# What to work on
Copy exactly the lines from the start of the data below through the one that carries "Energielabel Majolicastraat 31 Maastricht", and only those.

# Exercise data

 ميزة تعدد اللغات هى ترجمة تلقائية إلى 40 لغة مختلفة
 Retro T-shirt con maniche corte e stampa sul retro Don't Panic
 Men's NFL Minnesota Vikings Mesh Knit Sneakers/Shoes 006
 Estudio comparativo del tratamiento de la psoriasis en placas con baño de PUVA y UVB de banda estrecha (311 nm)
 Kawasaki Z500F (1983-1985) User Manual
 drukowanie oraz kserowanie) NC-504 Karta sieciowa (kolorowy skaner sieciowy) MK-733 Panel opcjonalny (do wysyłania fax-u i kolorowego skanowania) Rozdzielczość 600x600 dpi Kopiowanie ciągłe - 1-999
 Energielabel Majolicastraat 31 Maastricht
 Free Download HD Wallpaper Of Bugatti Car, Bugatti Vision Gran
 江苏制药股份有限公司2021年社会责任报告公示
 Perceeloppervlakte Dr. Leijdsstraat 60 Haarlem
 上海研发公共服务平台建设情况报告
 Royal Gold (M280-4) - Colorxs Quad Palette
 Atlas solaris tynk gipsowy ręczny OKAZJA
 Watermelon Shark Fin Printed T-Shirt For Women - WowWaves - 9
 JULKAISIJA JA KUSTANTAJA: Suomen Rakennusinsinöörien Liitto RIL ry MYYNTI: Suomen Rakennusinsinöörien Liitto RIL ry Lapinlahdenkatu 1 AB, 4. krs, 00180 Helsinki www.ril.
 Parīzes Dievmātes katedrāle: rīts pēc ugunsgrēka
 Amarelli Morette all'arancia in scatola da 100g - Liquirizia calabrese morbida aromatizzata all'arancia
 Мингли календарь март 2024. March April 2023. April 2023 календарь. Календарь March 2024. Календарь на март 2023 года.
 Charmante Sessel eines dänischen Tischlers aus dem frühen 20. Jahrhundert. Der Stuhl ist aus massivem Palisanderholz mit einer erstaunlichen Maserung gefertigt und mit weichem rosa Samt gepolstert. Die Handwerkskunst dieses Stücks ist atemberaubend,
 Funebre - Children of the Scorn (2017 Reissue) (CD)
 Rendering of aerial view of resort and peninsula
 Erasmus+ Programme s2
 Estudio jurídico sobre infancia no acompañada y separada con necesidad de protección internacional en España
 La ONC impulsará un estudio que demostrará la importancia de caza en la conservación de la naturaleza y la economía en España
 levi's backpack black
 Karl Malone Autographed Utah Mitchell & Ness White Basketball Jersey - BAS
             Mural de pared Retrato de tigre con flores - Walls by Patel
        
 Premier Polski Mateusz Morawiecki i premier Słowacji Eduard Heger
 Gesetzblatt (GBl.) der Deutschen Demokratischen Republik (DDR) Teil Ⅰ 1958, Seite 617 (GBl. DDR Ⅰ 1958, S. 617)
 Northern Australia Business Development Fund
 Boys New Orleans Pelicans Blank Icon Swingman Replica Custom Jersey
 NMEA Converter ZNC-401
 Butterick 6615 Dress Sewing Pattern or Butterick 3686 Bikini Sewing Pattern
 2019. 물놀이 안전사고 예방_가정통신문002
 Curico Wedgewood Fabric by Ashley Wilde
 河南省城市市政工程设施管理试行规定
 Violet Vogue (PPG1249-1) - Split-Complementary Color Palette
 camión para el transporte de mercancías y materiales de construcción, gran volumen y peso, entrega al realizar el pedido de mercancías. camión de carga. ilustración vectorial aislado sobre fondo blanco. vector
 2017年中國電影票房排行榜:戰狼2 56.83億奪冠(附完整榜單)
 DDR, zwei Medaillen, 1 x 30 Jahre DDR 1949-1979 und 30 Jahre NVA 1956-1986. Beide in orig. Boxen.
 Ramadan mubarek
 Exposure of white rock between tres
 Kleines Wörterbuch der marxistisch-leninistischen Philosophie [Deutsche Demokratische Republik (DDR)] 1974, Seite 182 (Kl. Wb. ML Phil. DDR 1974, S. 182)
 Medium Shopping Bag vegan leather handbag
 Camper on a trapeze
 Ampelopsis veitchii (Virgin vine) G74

# Result of the exercise
 ميزة تعدد اللغات هى ترجمة تلقائية إلى 40 لغة مختلفة
 Retro T-shirt con maniche corte e stampa sul retro Don't Panic
 Men's NFL Minnesota Vikings Mesh Knit Sneakers/Shoes 006
 Estudio comparativo del tratamiento de la psoriasis en placas con baño de PUVA y UVB de banda estrecha (311 nm)
 Kawasaki Z500F (1983-1985) User Manual
 drukowanie oraz kserowanie) NC-504 Karta sieciowa (kolorowy skaner sieciowy) MK-733 Panel opcjonalny (do wysyłania fax-u i kolorowego skanowania) Rozdzielczość 600x600 dpi Kopiowanie ciągłe - 1-999
 Energielabel Majolicastraat 31 Maastricht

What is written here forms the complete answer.